Hotel reservations will be gobbled up by summit attendees but they will be displacing normal business travellers as well as any other potential conventions that could have been occurring at the same time. The net impact will be much less than the gross impact. The same will apply to the restaurants, the caterers, the cleaners and the strippers who will be providing services to the summit goers. Most of the high value add functions of international summits will be taken care of by the Washington metro economy so there will be little positive spin-off there.
If this summit is anything like any other recent G-8 or G-20 summit, the security will be massive. Downtown Pittsburgh is a very small region with only a few natural entry points and very high job density. It is extraordinarily likely that Smallman Street, Penn Avenue, Liberty Avenue, 6th, 7th and 9th Street Bridges as well as the 16th Street bridge will be severely restricted or closed. My normal morning bus stop is 150 yards from the summit site. That area will most likely be inside the security perimeter. Downtown will be massively disrupted. I have already submitted a vacation request for those two days.
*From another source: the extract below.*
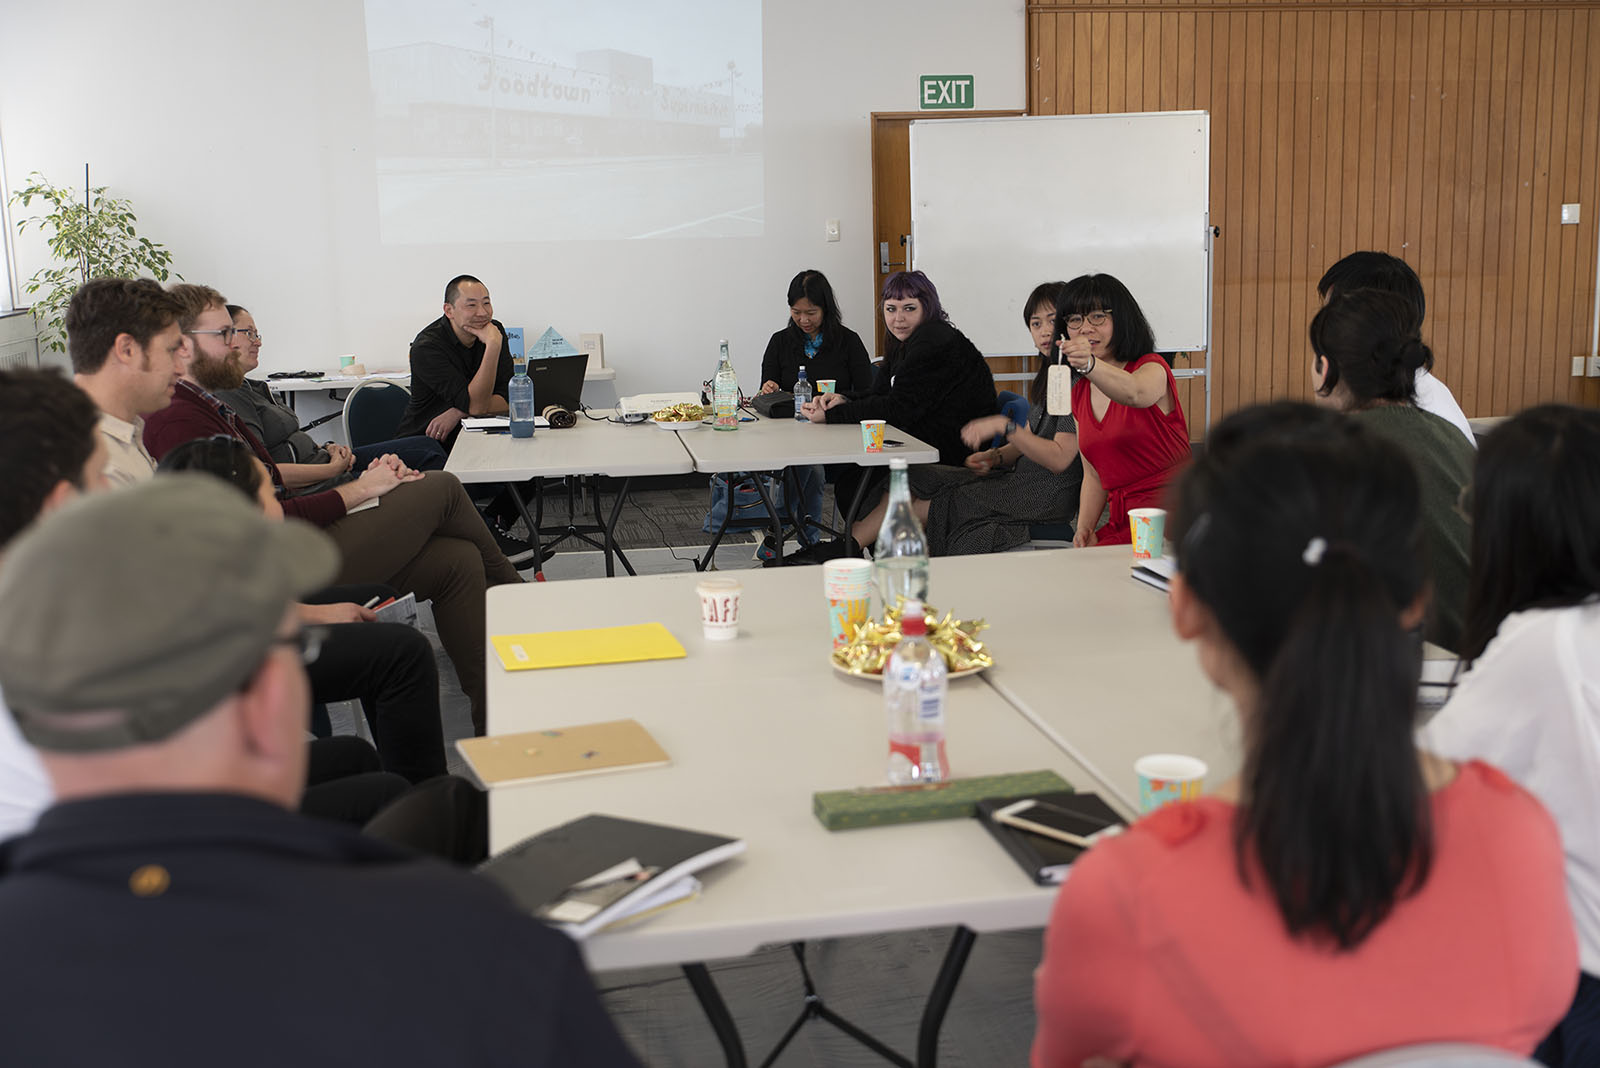 Master Class #3 with Ant Sang, Massey University, 21 September 2018. Photo by John Lake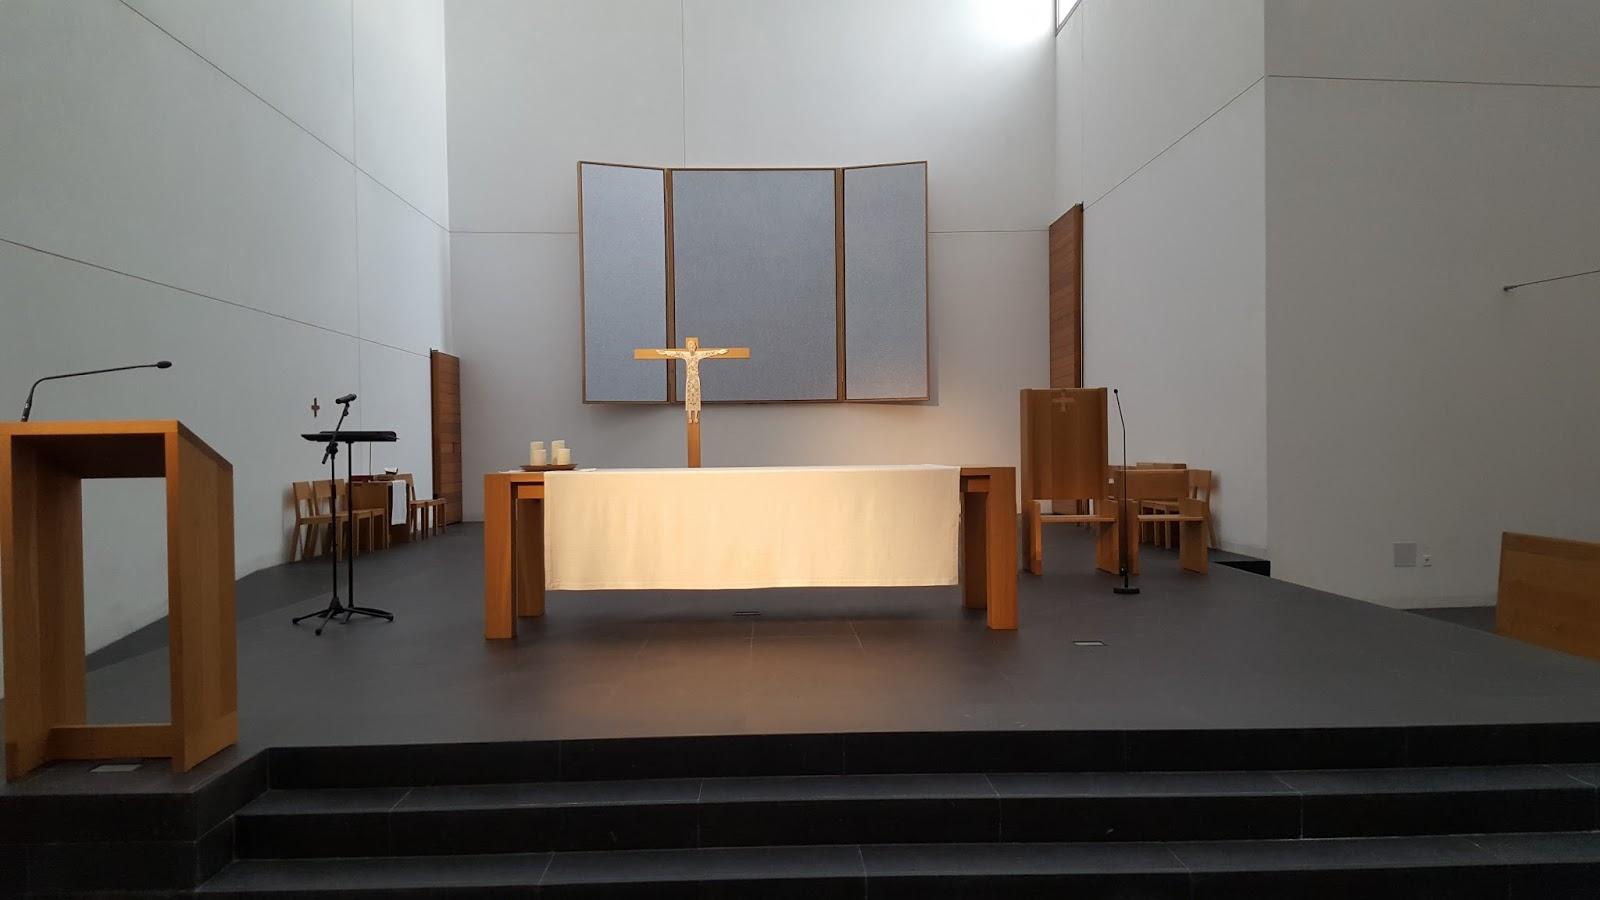 Ugly Churches Win Awards | Catholic News Live

It is likely that many downtown businesses will not be open during the summit. Normal spending will not occur, and it may be replaced to some degree by summit spending, but the per capita local lunch spending has to be an order of magnitude higher for several thousand summit goers instead of the 130,000 normal downtown workers.
So the combination of typical activity displacement, opportunity cost and massive security disruptions will make most probable estimates of economic impact be far less than the hopes of local officials.